The famous Saladin , Sultan of Egypt, conquered Jerusalem again on October 2, 1187 and destroyed the Christian kingdom in the east. Pope Gregory VIII immediately had a new crusade preached and sent his legates to Strasbourg, where Frederick I was then resident. Bishop Heinrich supported the legates and through his eloquence he convinced many counts and barons to join the crusade, which was actually only decided in the Reichstag in Mainz on March 25, 1188. Emperor Friedrich I and his son Friedrich , Duke of Swabia and Alsace, took the cross . On April 23, they left Alsace and on May 28, 1188, held an army show over 50,000 men in Pressburg, with whom they marched across Bulgaria against Asia, where they moved before Seleucia after taking the city of Iconium .

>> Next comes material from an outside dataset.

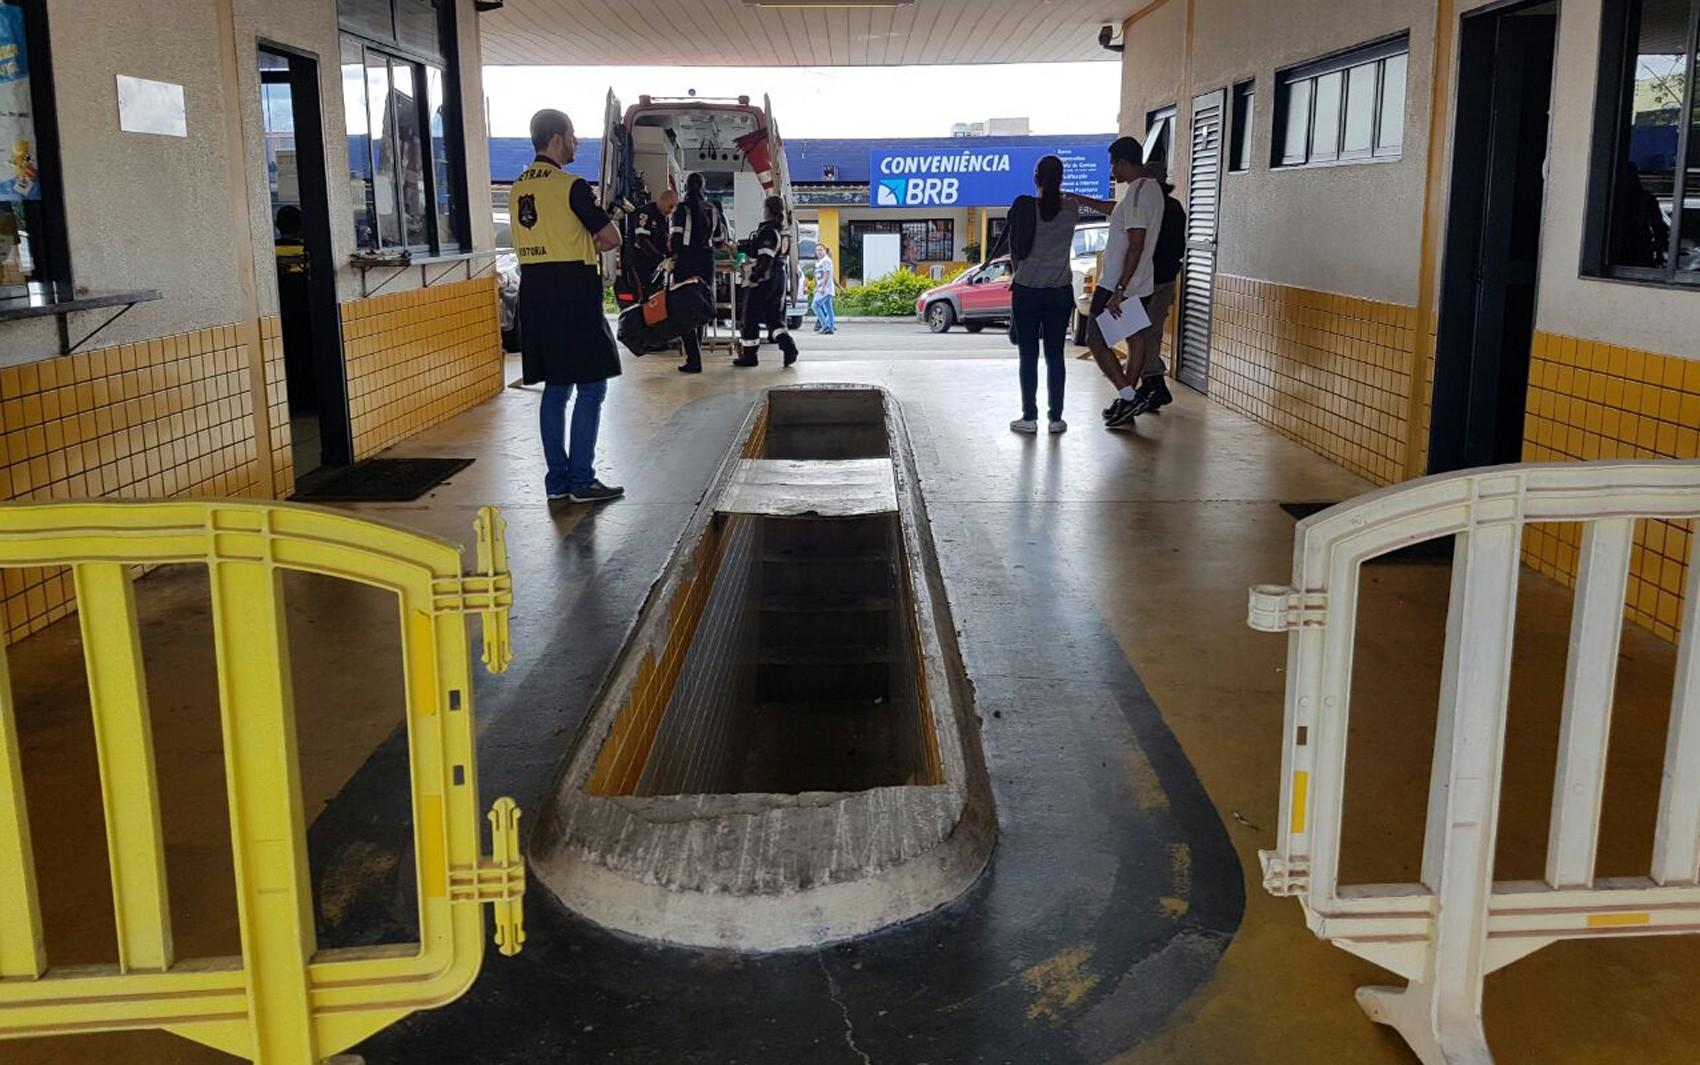 Idoso cai em 'vala de fiscalização' do Detran no DF e é resgatado por ambulância

Bishop Heinrich had also taken the cross in Mainz. On December 13, 1189, he dedicated a chapel in honor of St. James , which Rudolf, mayor of Strasbourg, had built. Thereupon he followed the army campaign, came to Greece, from where he quickly returned to Strasbourg weak and sick and passed away on Easter Sunday, March 25th, 1190. His body was buried in the St. Andrew's Chapel in the minster.

literature

  • Ludwig Gabriel Glöckler: History of the diocese of Strasbourg. Printed by Le Roux, Strasbourg 1879, pp. 210–215.
  • Hermann Bloch: Regests of the bishops of Strasbourg. Commission for the publication of the Alsatian historical sources, part 1, The Annals of the Alsatian Staufer Period. Publishing house of the Wagner University and bookstore, Innsbruck 1908.

Individual evidence

  1. Bernard Prongué: Asuel. In: Historical Lexicon of Switzerland .
  2. ^ Ansgar Wildermann: Montfaucon, de. In: Historical Lexicon of Switzerland .
  3. ^ Franziska Hälg-Steffen: Hasenburg, from. In: Historical Lexicon of Switzerland .
  4. ^ Glöckler: History of the diocese of Strasbourg. Pp. 210-214.
  5. August Potthast: Guide to the historical works of the European Middle Ages from 375-1500. Bibliotheca historica medii aevi, complete table of contents for 'Acta sanctorum' of the Bollandists. Source: Auctor Historiae de Frederici I, asiatica expeditione, 1194.
  6. ^ Glöckler: History of the diocese of Strasbourg. P. 211.
  7. ^ Glöckler: History of the diocese of Strasbourg. P. 213.
  8. ^ Glöckler: History of the diocese of Strasbourg. P. 213.
  9. ^ Glöckler: History of the diocese of Strasbourg. P. 214.